An intelligent monitoring system that detects subtle degradation patterns in ship engine operational data before conventional rule-based alerts would fire, reducing the risk of costly unplanned downtime.
Type
Anomaly Detection
Domain
Maritime Operations
Methods
Isolation Forest, PCA
Status
Completed
The Challenge
Maritime engine systems generate continuous streams of operational data across dozens of sensors. Conventional monitoring relies on static thresholds, triggering alerts only when individual readings exceed pre-set limits.

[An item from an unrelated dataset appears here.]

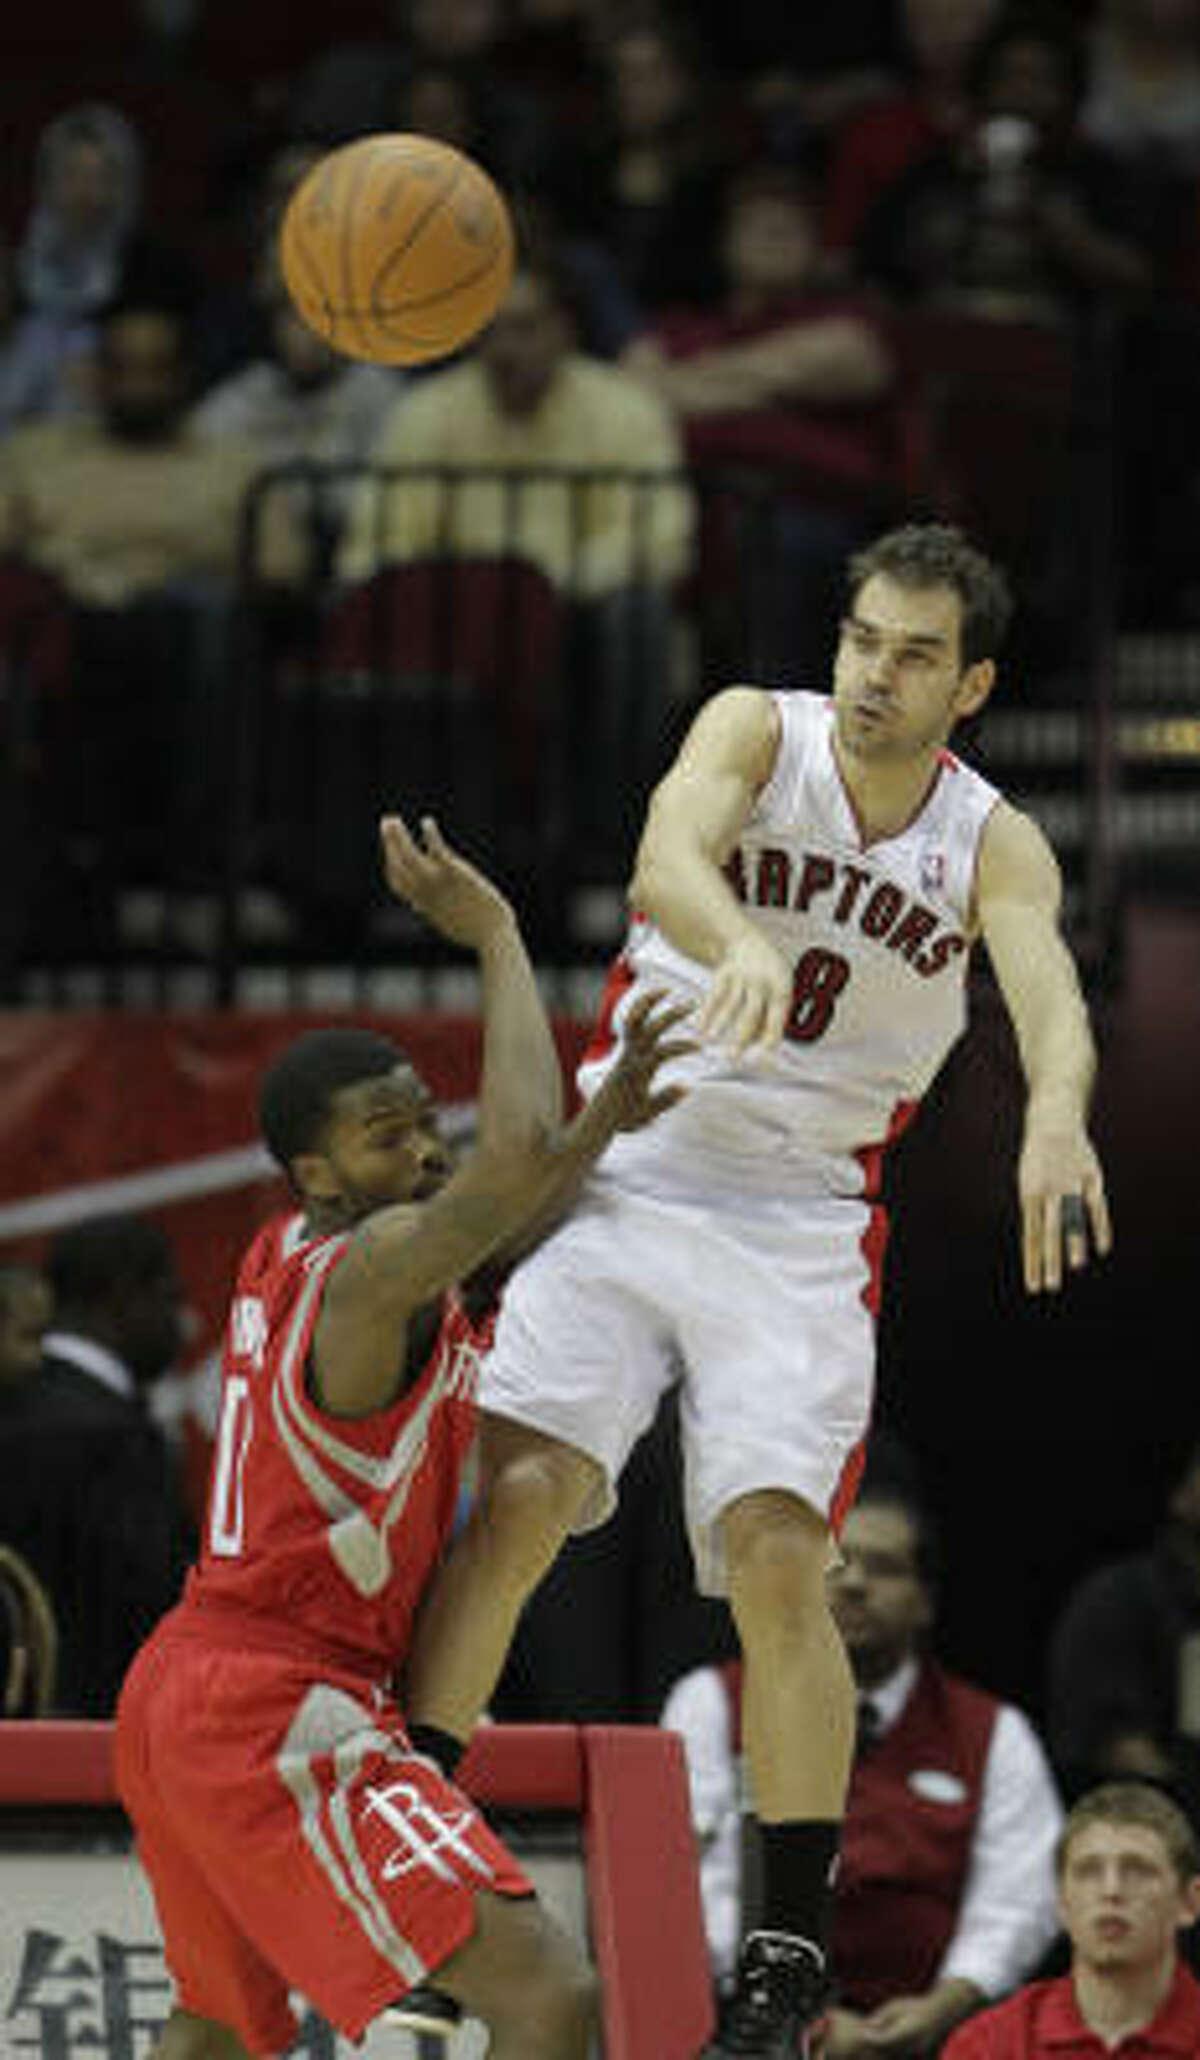 Toronto's Jose Calderon (8) passes the ball over Rockets guard Aaron Brooks.

Threshold-based monitoring misses gradual degradation. A slow drift in the relationship between sensor readings can indicate developing problems long before any single metric breaches a hard limit. By the time a threshold alert fires, the damage is often significant.
Approach
01
Multivariate Data Exploration
Explored the sensor dataset to understand normal operational patterns, inter-variable correlations, and natural variation ranges under healthy operating conditions.
02
Feature Engineering
Engineered features capturing temporal dynamics and cross-sensor relationships. Applied normalisation and PCA to create a compact representation preserving anomalous variance.
03
Anomaly Detection Modelling
Applied Isolation Forest as the primary detection method, complemented with statistical methods for interpretable cross-validation of findings.
04
Analysis and Reporting
Produced a detailed analytical report characterising detected anomalies, mapping them to potential operational causes, and recommending monitoring improvements.
ANOMALY DETECTION
ISOLATION FOREST
Results
Early
Detection before threshold alerts
Multi-Sensor
Cross-variable relationship analysis
Interpretable
Anomalies mapped to operational causes
The system successfully identified anomalous operating periods that would not have triggered conventional threshold-based alerts. The PCA-based approach proved particularly effective at detecting multivariate anomalies where no single sensor was in breach but the overall pattern was abnormal.